The Monroe Doctrine: Empire and Nation in Nineteenth- Century America Book Review

The book gives an essential reevaluation of the evolution, creation and a number of James Monroe’s deployments of 1823 American declaration of foreign policy principles. This book covers extensive ground starting with the independence of American and finalizing with a few reflections on the First World War. However, the author has balanced a thought – infuriating debate of the important problems enclosing the Monroe Doctrine in its different iterations with a forward moving and compelling narrative. Historians have characteristically perceived the Monroe Doctrine history as a series of sudden and marked shift in the utilization and interpretation, though Sexton teases out the factors of consistency masterfully an aspect which makes the history of the doctrine part of evolution instead of an abrupt modification. Sexton points to three processes which are unified central to America in the 19th century, which is illuminated in the Monroe Doctrine. They included The American empire emergence, a new nation forging, and the continuing struggle for independence consolidation from British. The great Sexton’s contribution here lies in the extensive analytical framework in which he examines these processes and the modifying Doctrine via time. There are four themes in this structure stand out as meriting unique consideration. They include the gap between reality and perception in Americans’ foreign threats conceptions, the link between American’s developing empire and anti colonialism, the particular Monroe Doctrine framing by policymakers in the entire 19th century, and the association between international associations and local politics. It is through Sexton exploration of the four themes that he is able to convincingly and successfully show that the Monroe Doctrine as an essential factor of the United States development in the 19th century.

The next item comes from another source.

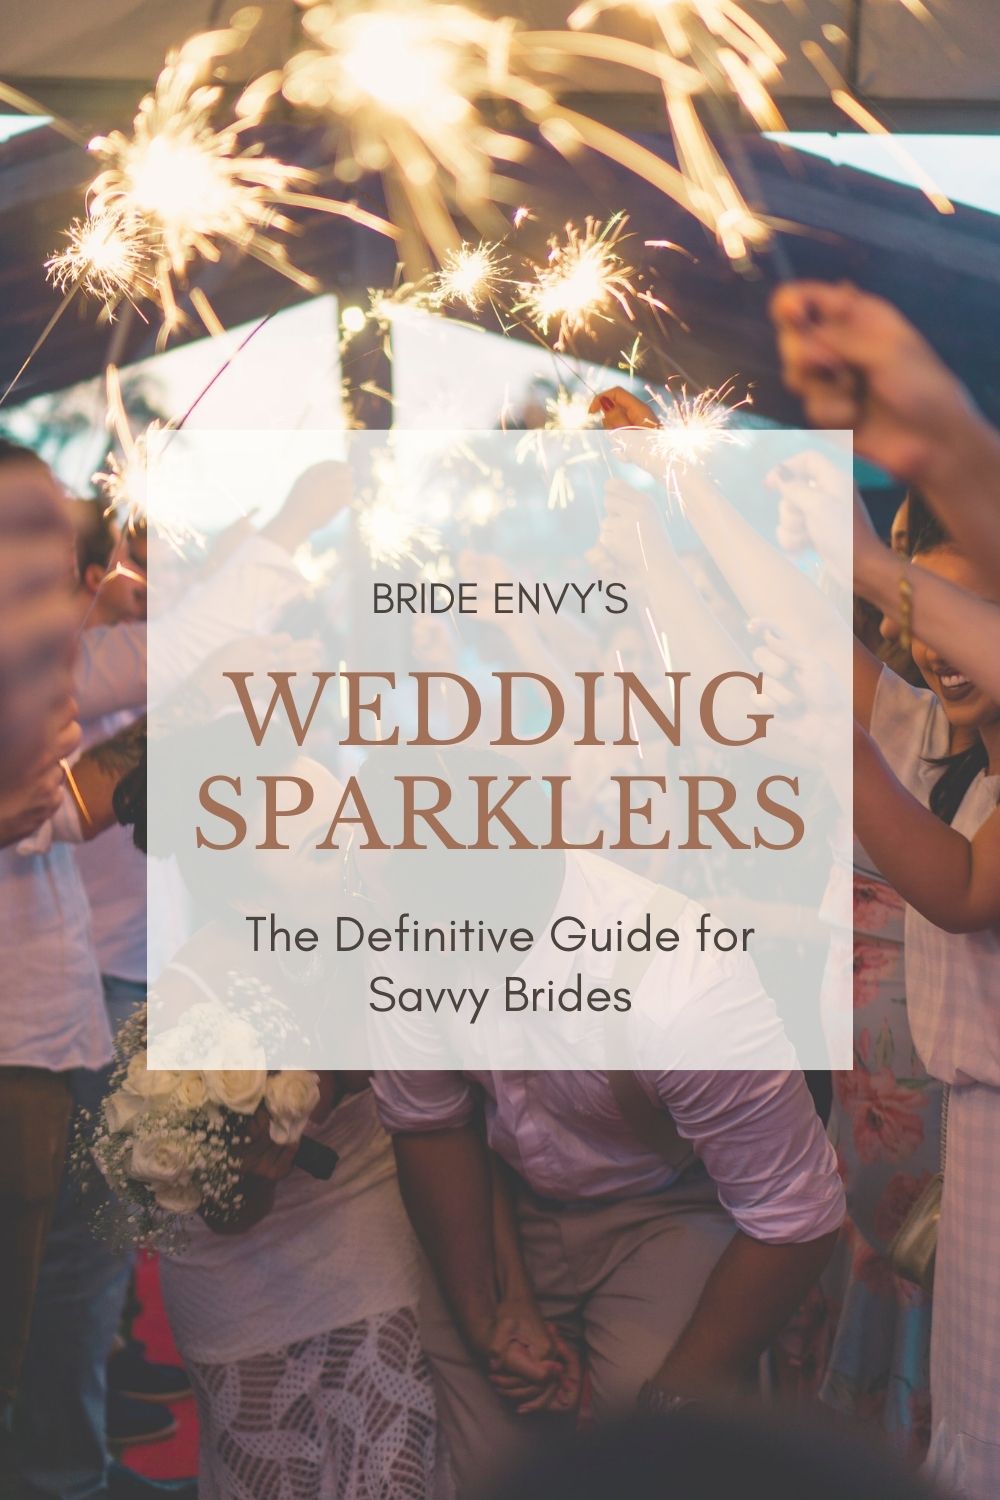 Wedding Sparklers - The Definitive Guide - Pinterest Pin
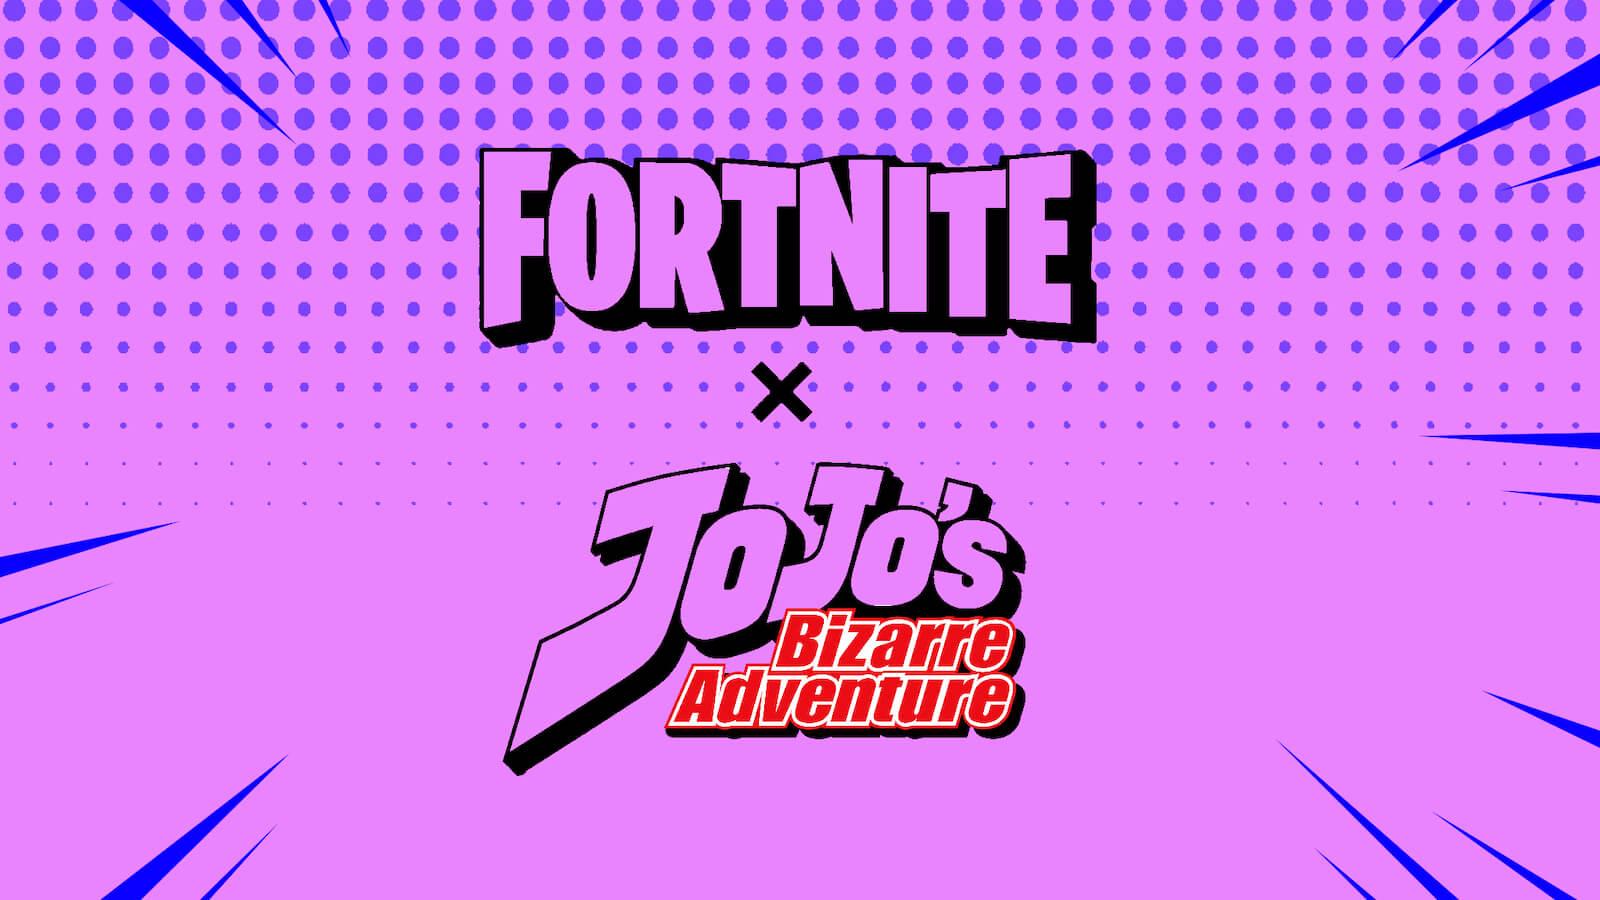 JoJo’s Bizarre Adventure Fortnite concept goes viral as players “desperately” want it

The Monroe Doctrine has a varied and rich history which has been evaluated for a number of varying eras and from a number of different angles by political scientists, and historians among others. There has been a lot of previous work done about the same which would make one wonder whether there is anything new which can be written about the same. However, by making new preferences about perspective and periodization, Sexton gives an impressive and informative Monroe Doctrine account as it developed over American history long sweep. He highlights the foreign and domestic pressures and possibilities in the process which limited assertion of and slowly transformed anticolonial principles into sweeping and confident basis for actions of imperialist. Sexton consideration of the Monroe Doctrine evolution turns as a means to evaluate the interconnected, contentious, and protracted process of imperial expansion, and international consolidation which underlay the emergence of the United States as the finest 20th power global power.

Sexton is not the only historian to demonstrate the significant links between American foreign policies or domestic politics. However, his work is quite unique from the previous work since Sexton filters the Monroe Doctrine history via this leans in a unique way. This can be demonstrated by his treatment of years prior to the issuing of the Doctrine when the public pronouncements regarding the U.S. foreign policy were highly concerned on strengthening and preserving the union as they were with American associations with other nations. He presents farewell address call of George Washington to shun from foreign alliances as stalking from Washington desire to lower the American weakness exposure to a hostile world. Although Sexton could have engaged more into exploring the farewell address long-term effect on American foreign policy conceptions, particularly in cases when it conflicted with Doctrine of Monroe, his analysis is a significant illustration of how debates of foreign policy could be employed to address local concerns in substantive manners.  Instead of limiting his work to the origins of doctrine, and its early effects or the coverage extend to its continuing relevance, Sexton deals with what we may describe as the long 19th century Monroe Doctrine for the 1783 Paris Treaty to the 1904 Roosevelt Corollary. Drawing intensively from the recent scholarship, he starts by grounding the doctrine in a manner that initiates deep thoughts on the newly independent sage in America. According to Sexton, Americans developed bigger, more complex structures, only to experience the subsequent generations or political opponents demolish or even renovate and reconstruct what lay before them.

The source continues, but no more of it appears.